Only there are no wires. And this is no office.

Dohler is a district manager for Starbucks, the $3.3 billion-a-year operator of 5,886 coffee shops in 25 countries. His use of wireless technology is no accident.

Lovina McMurchy, director of business development for Starbucks’ New Ventures Group, calls the coffee company’s wireless access points a “great strategic asset.” And even though it has gotten an outside partner—Deutsche Telekom’s T-Mobile USA unit—to foot much of the bill, there is no doubt that the radio waves in its stores are going to be used not just by its latte-drinking customers. A big user will be Starbucks itself.

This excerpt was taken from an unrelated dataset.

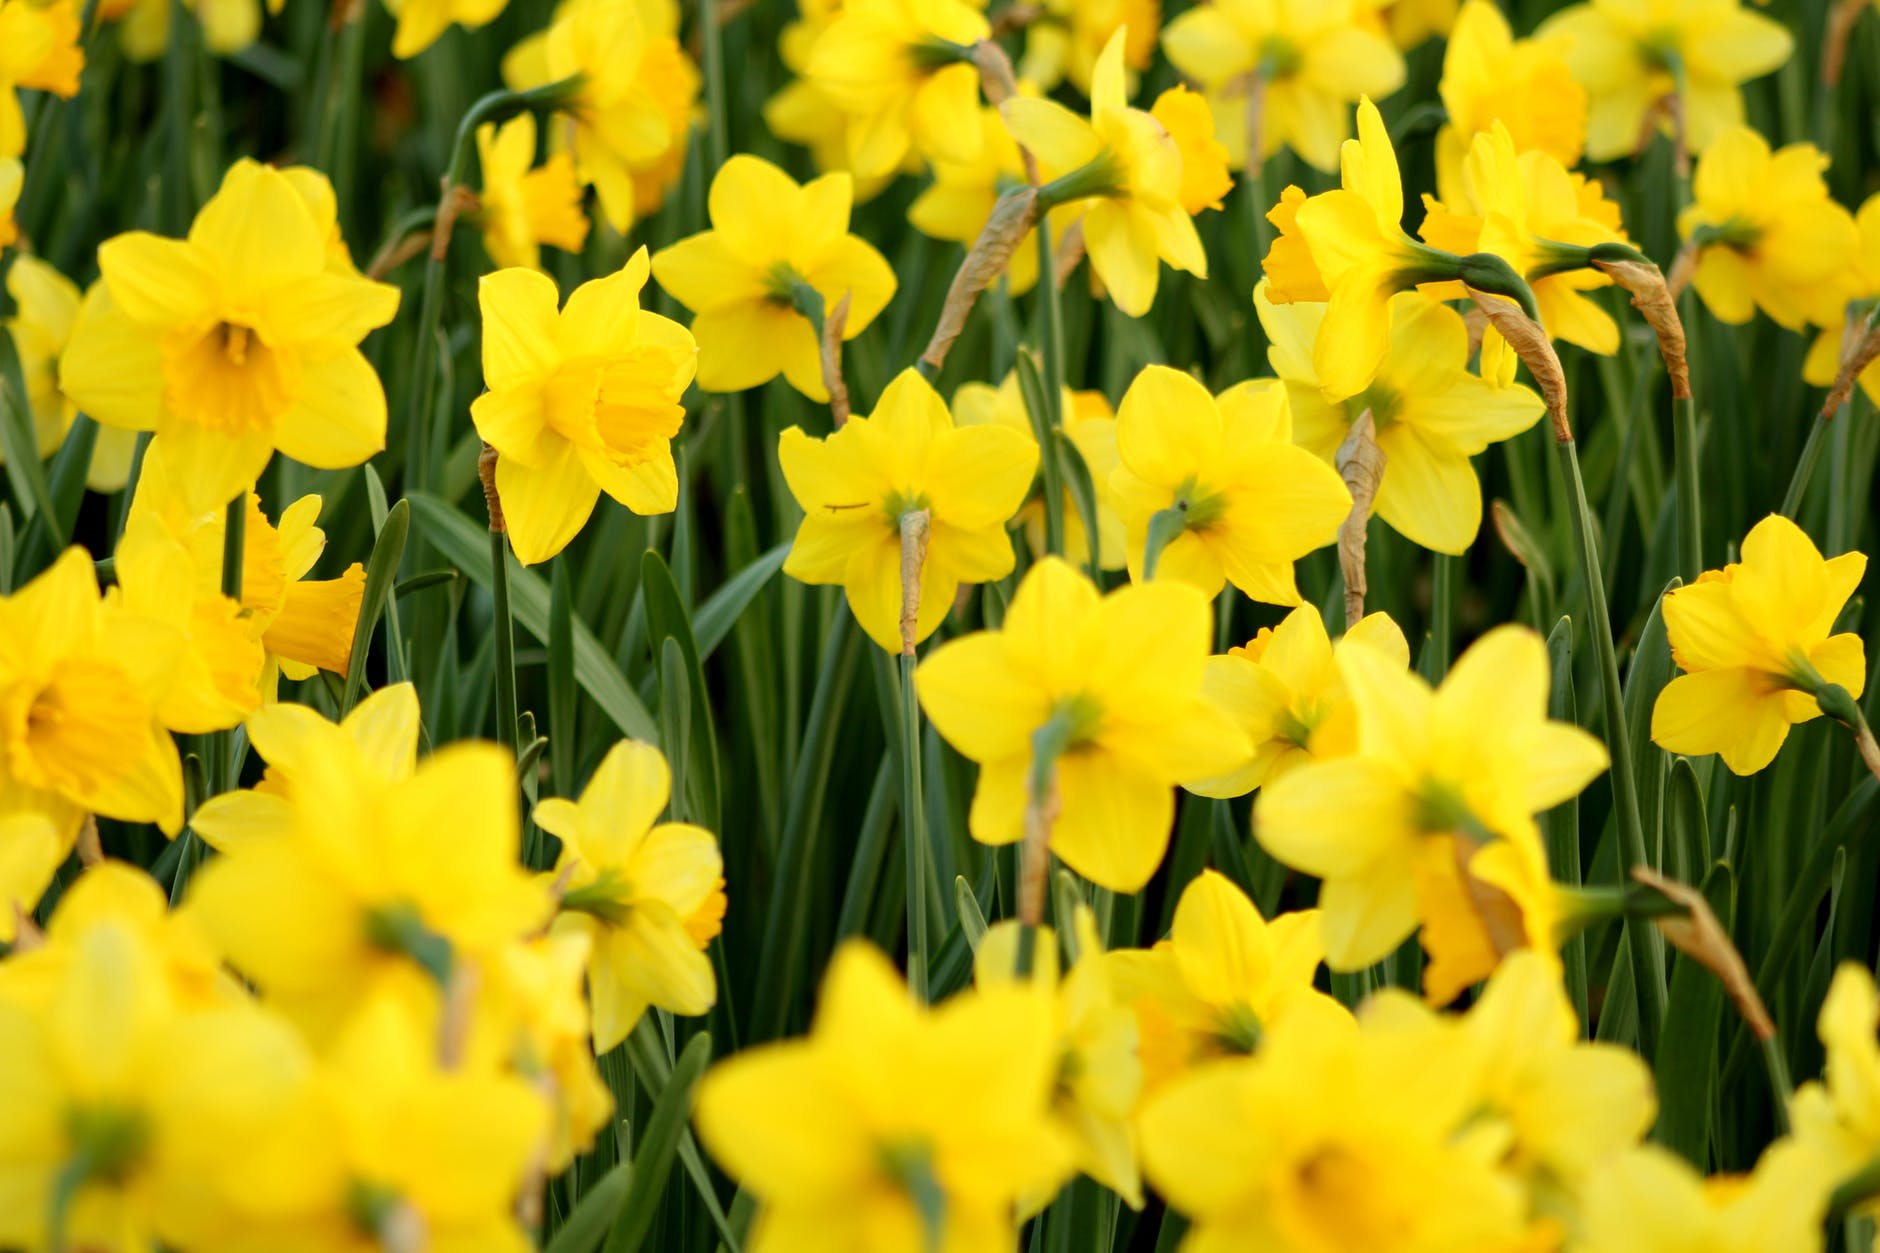 wordsworth daffodils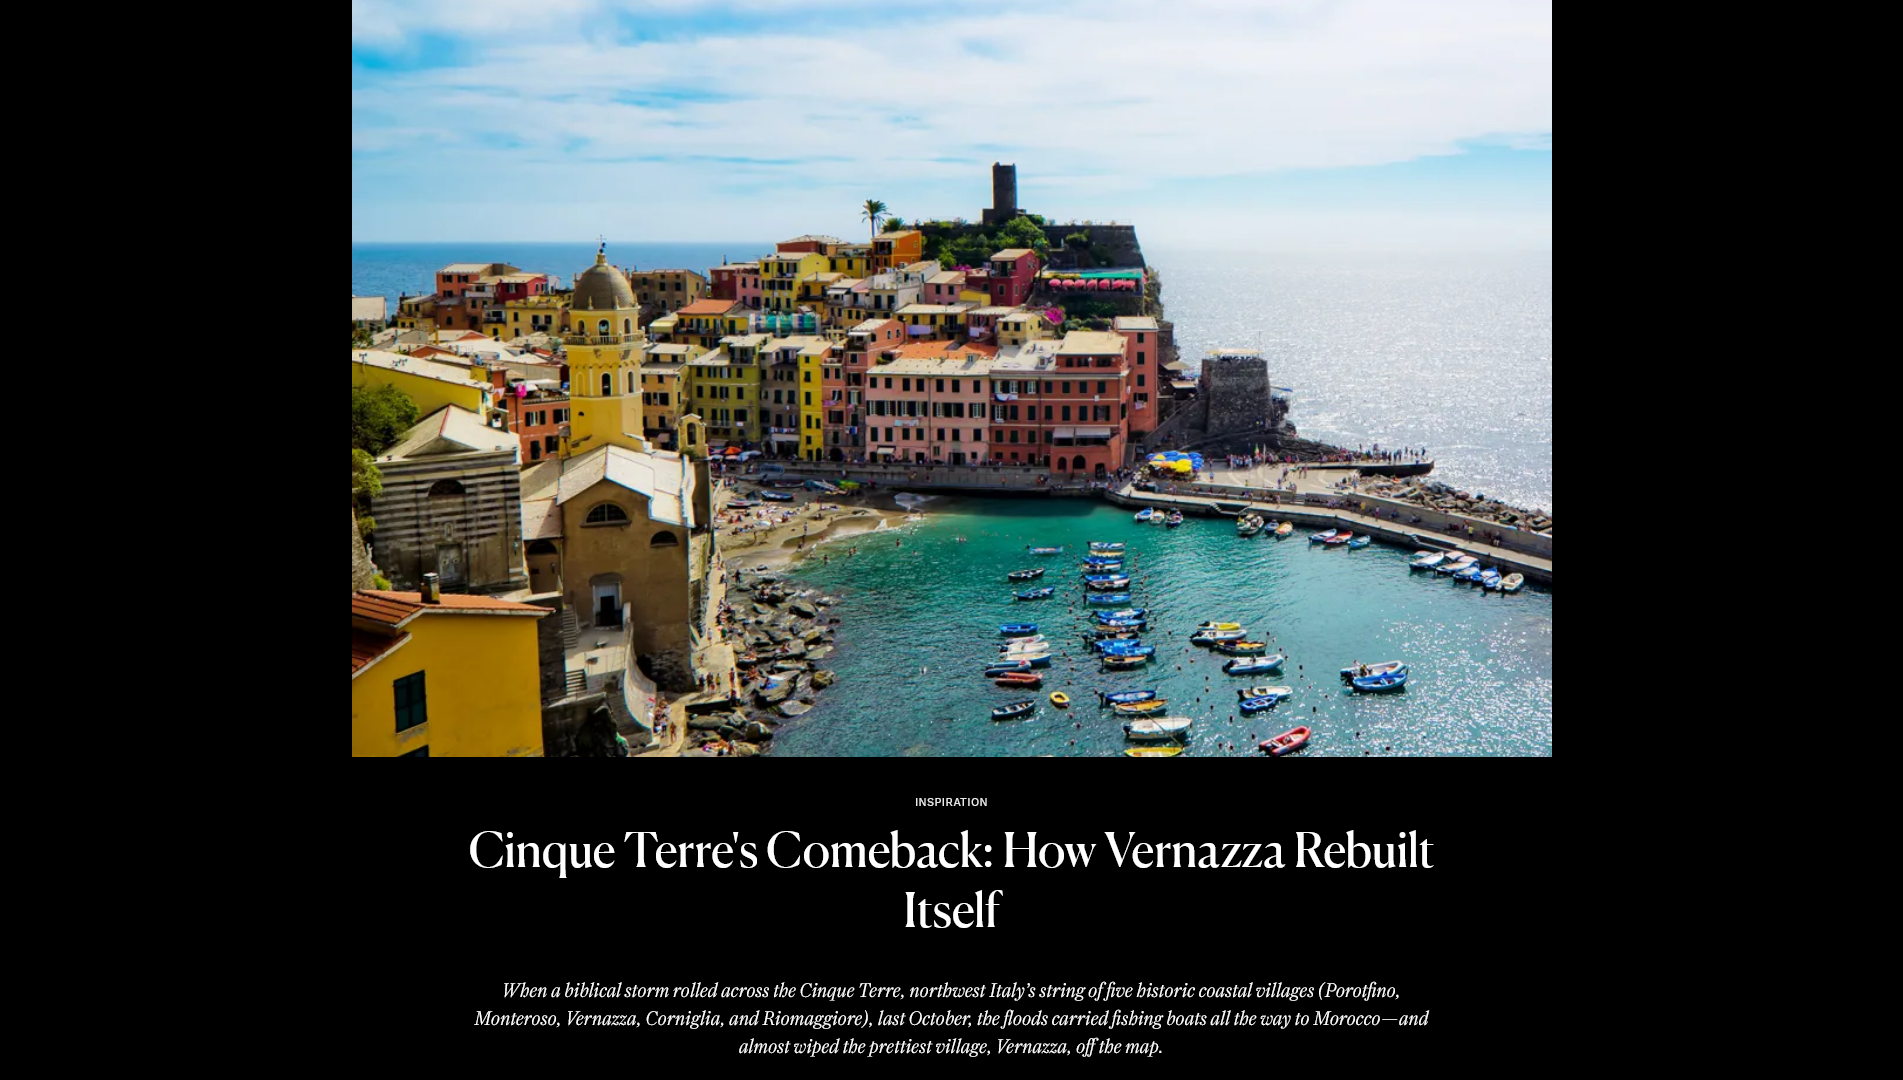 Cinque Terre’s Comeback: How Vernazza Rebuilt Itself

In fact, Starbucks has been rather expert at shielding itself from the risk of installing wireless systems in its stores. The rollout actually began in 2001. Deutsche Telekom was brought in to take over the project when MobileStar of Richardson, Texas, went bankrupt. The wireless service provider wasn’t able to attract enough customers to cover its expenses as it built out networks in Starbucks stores and airports.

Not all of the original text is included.